Nommer les modes d'échec tacites que le mentor sentirait normalement (« cet outil retourne 5xx environ 1 fois sur 20 — réessayer avec ce backoff, ne pas escalader ») ; énumérer les surfaces d'outils avec des exemples réalistes plutôt que des spécifications abstraites ; inclure les chemins de récupération pour les échecs qui arrivent vraiment, pas ceux du manuel ; intégrer des étapes de vérification pour que l'apprenti puisse confirmer le succès par lui-même ; et prouver la complétude par une exécution propre de l'apprenti plutôt que par une revue du mentor. L'artefact est bon quand il peut être remis à un coéquipier, à un nouveau fournisseur ou à un modèle différent et fonctionner quand même.

Questions ouvertes que nous étudions

Quand l'évaluation du mentor diverge-t-elle de celle d'un utilisateur en aval — la convergence de la boucle garantit-elle un succès dans le monde réel, ou seulement un succès face au modèle mental du mentor ? Quel est l'écart entre « l'apprenti a exécuté ce cas » et « l'apprenti peut exécuter un cas frère que le mentor n'avait pas anticipé » ? Comment détecter qu'un document a surajusté à la suite de régression elle-même plutôt qu'à la compétence sous-jacente ? Et quel est le bon substrat pour les documents — Markdown, un schéma structuré, un runbook exécutable, un petit programme — sachant que l'apprenti les lira avec un modèle dont les préférences évoluent dans le temps ?
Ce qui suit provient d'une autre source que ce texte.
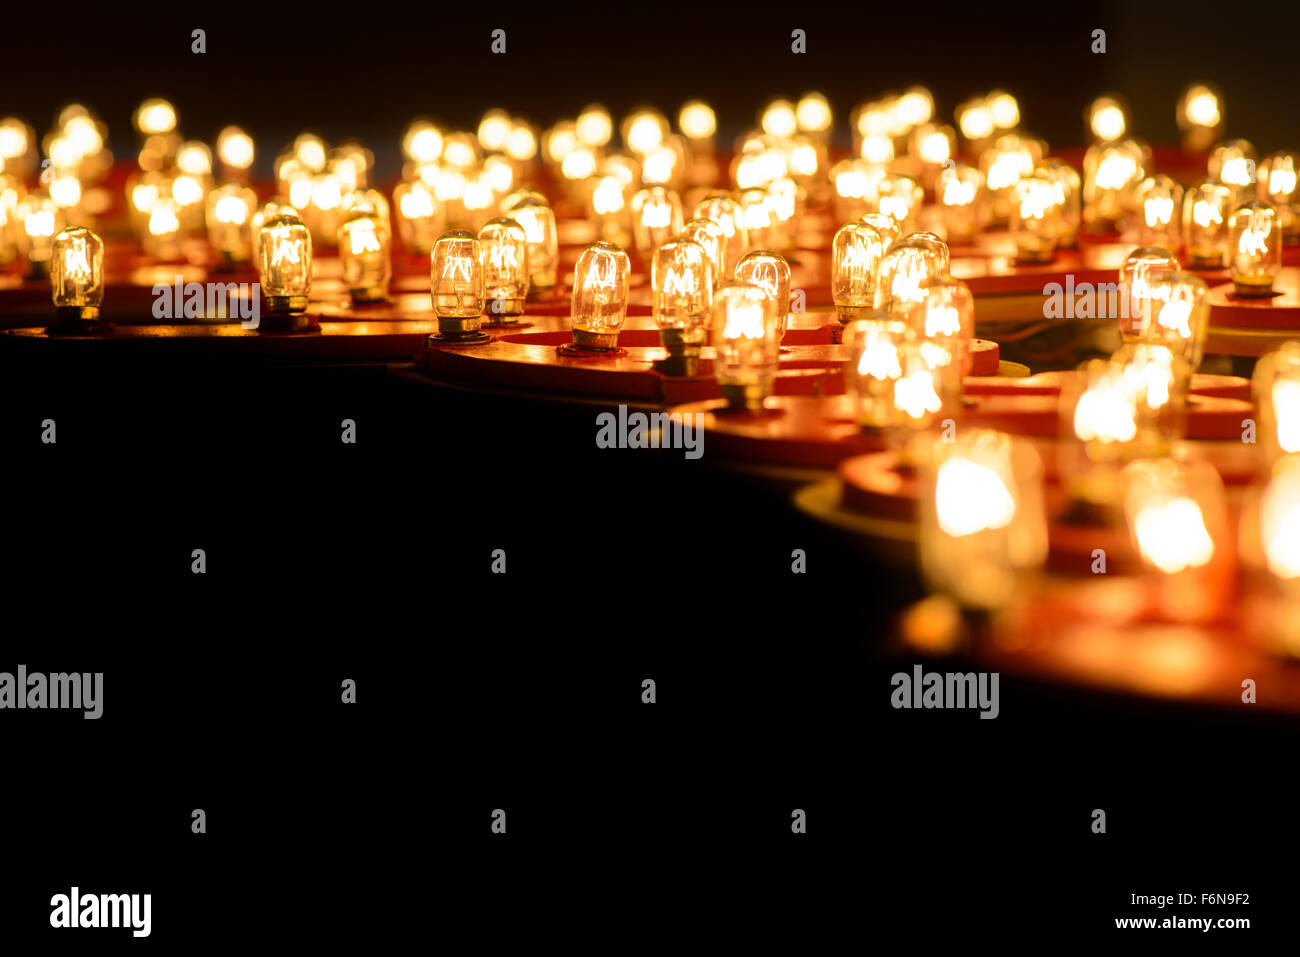 Glowing round tungsten lamps Stock Photo

Où cela s'insère avec les autres axes

La personnalité synthétique, c'est ce qu'est l'agent. La mémoire agent, c'est comment il s'adapte à l'utilisateur qu'il sert. La connaissance en boucle fermée, c'est comment le système dans son ensemble s'améliore depuis les traces de production. La distillation de compétence se situe à côté de la connaissance en boucle fermée : c'est le chemin par lequel le savoir-faire de l'équipe — les choses que l'agent éduqué fait silencieusement bien — devient transférable aux agents frais, aux futurs coéquipiers et à tout modèle qui devra faire ce travail demain. Sans cela, chaque onboarding recommence à zéro.